When you run the terraform init command, it will check for the .tfstate file.
below is the sample file for backend.tf file (aws s3 is used):
backend "s3" {
bucket = "backends.terraform.file"
key = "my-terraform.tfstate_key"
region = "my-region-1"
encrypt = "false"
acl = "bucket-owner-full-control"
}
}
A terraform backend is not required for terraform. If you do not use it however no one else will be able to pull your code and run your terraform. The state will ONLY be stored in your .terraform directory. This means if you lose your local files your in trouble. It is recommended to use a backend that also supports state locking which azurerm does. With a backend in place the state will get pulled on terraform init after pulling the repo.
I have worked with terraform before, where terraform can place the tfstate files in S3. Does terraform also support azure blob storage as a backend? What would be the commands to set the backend to be azure blob storage?
As of Terraform 0.7 (not currently released but you can compile from source) support for Azure blob storage has been added.
The question asks for some commands, so I'm adding a little more detail in case anyone needs it. I'm using Terraform v0.12.24 and azurerm provider v2.6.0. You need two things:
Create a storage account (general purpose v2) and a container for storing your states.
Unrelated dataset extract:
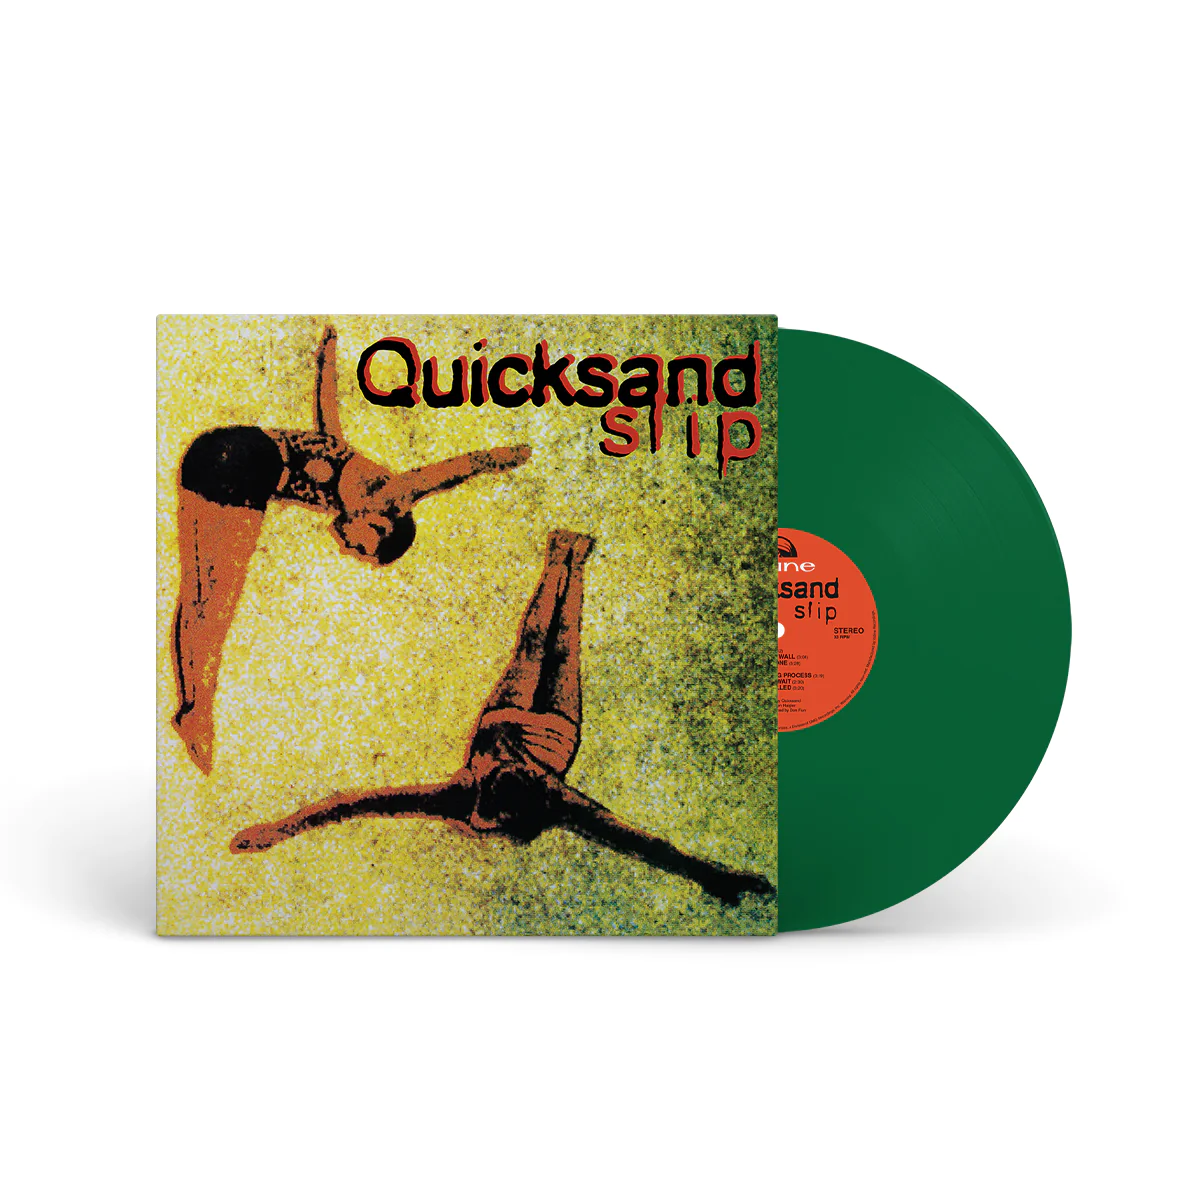 Quicksand - Slip (30th Anniversary edition) - VINYL LP

Configure your environment and your main.tf
As for the second point, your terraform block in main.tf should contain a "azurerm" backend:
terraform {
required_version = "=0.12.24"
backend "azurerm" {
storage_account_name = "abcd1234"
container_name = "tfstatecontainer"
key = "example.prod.terraform.tfstate"
}
provider "azurerm" {
version = "=2.6.0"
features {}
subscription_id = var.subscription_id
}
Before calling to plan or apply, init the ARM_ACCESS_KEY variable with a bash export:
export ARM_ACCESS_KEY=<storage access key>
Finally, run the init command:
terraform init
Now, if you run terraform plan you will see the tfstate created in the container. Azure has a file locking feature built in, in case anyone tries to update the state file at the same time.